**WHAT IS EXPECTED**
Restate the entries word for word and skip every image.

**Stored items from a collection**
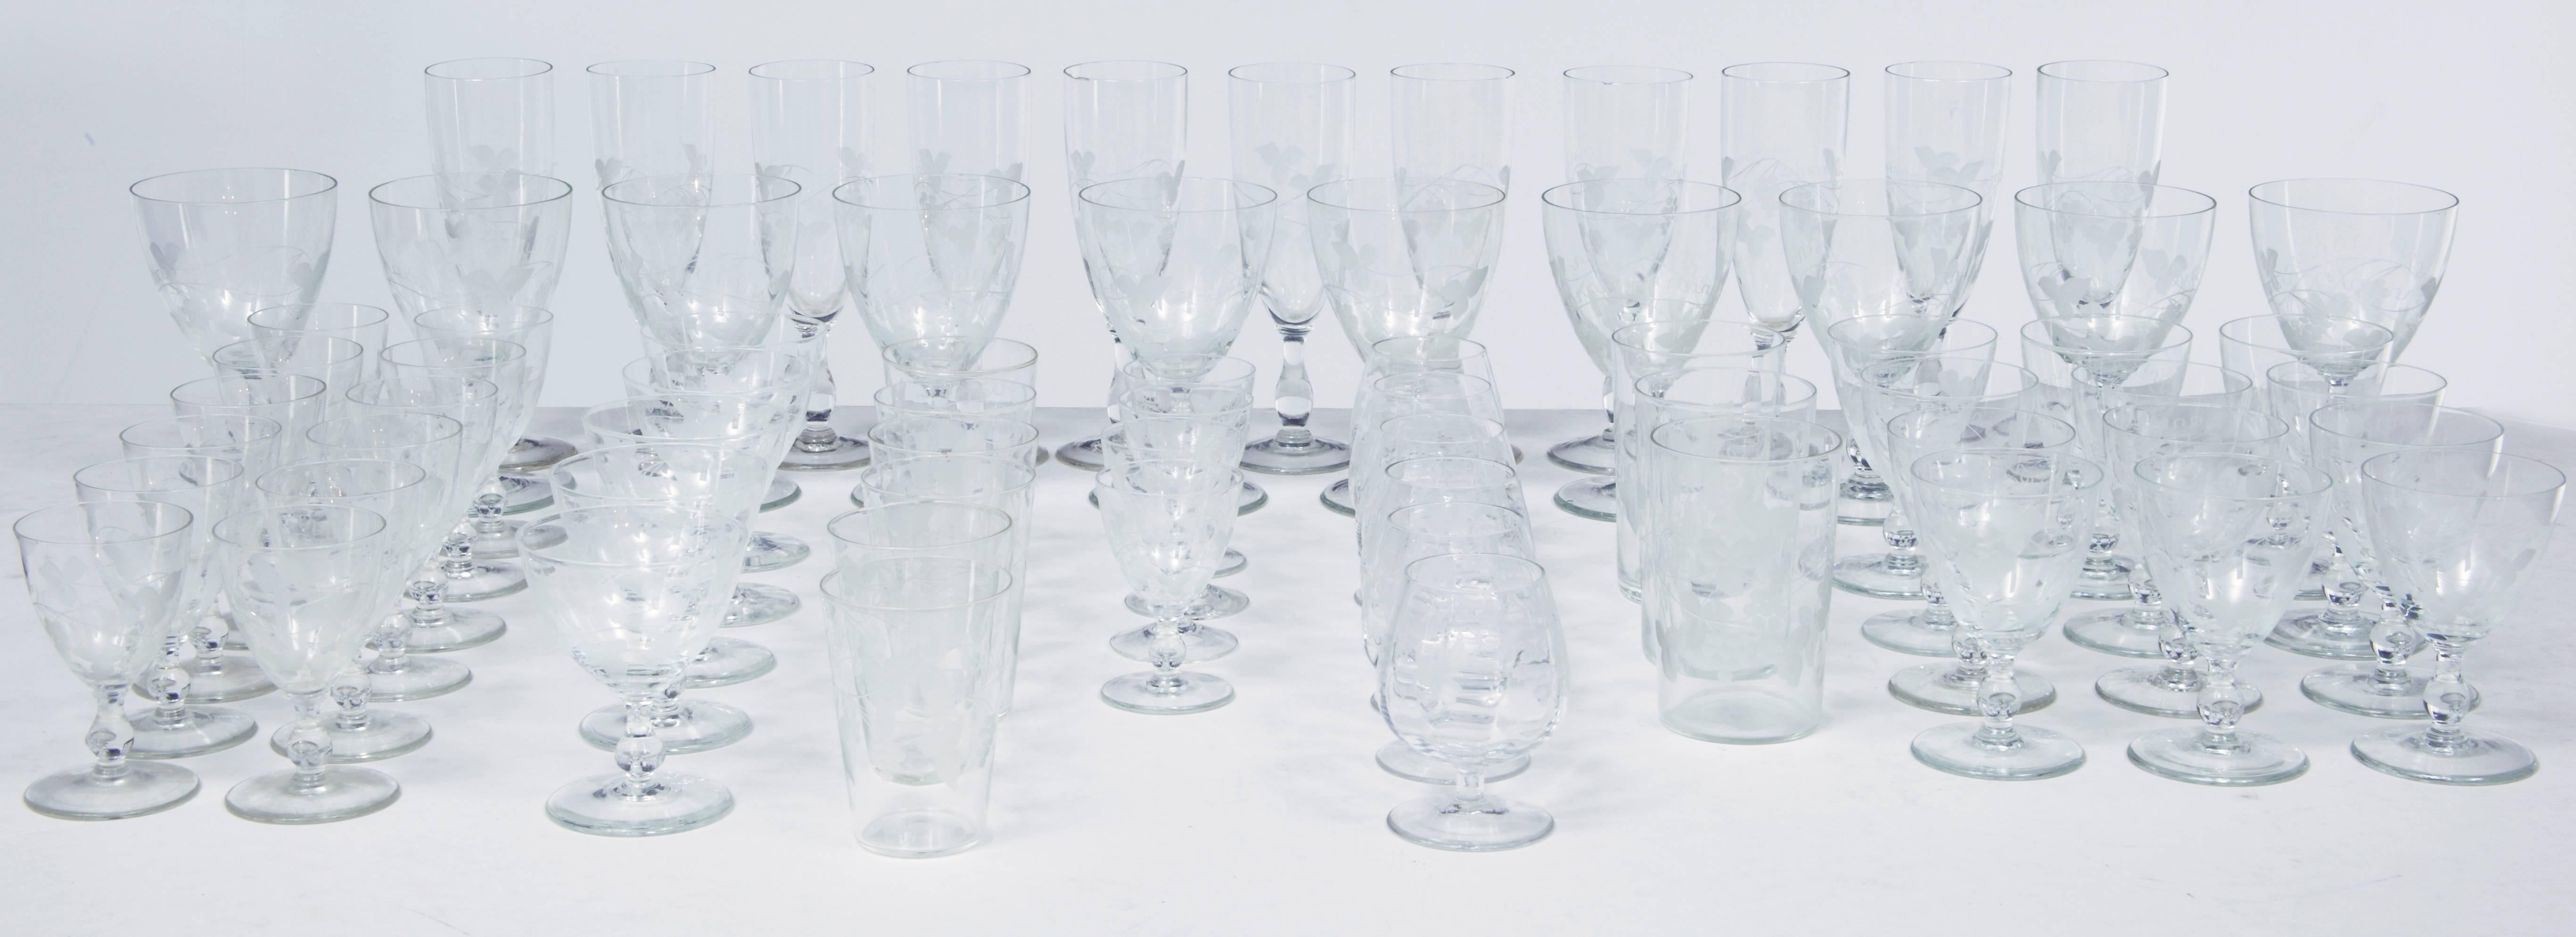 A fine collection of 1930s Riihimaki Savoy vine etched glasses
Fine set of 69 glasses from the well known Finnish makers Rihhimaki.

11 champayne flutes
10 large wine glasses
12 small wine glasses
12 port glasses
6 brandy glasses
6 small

**EXPECTED OUTPUT**
 A fine collection of 1930s Riihimaki Savoy vine etched glasses
Fine set of 69 glasses from the well known Finnish makers Rihhimaki.

11 champayne flutes
10 large wine glasses
12 small wine glasses
12 port glasses
6 brandy glasses
6 small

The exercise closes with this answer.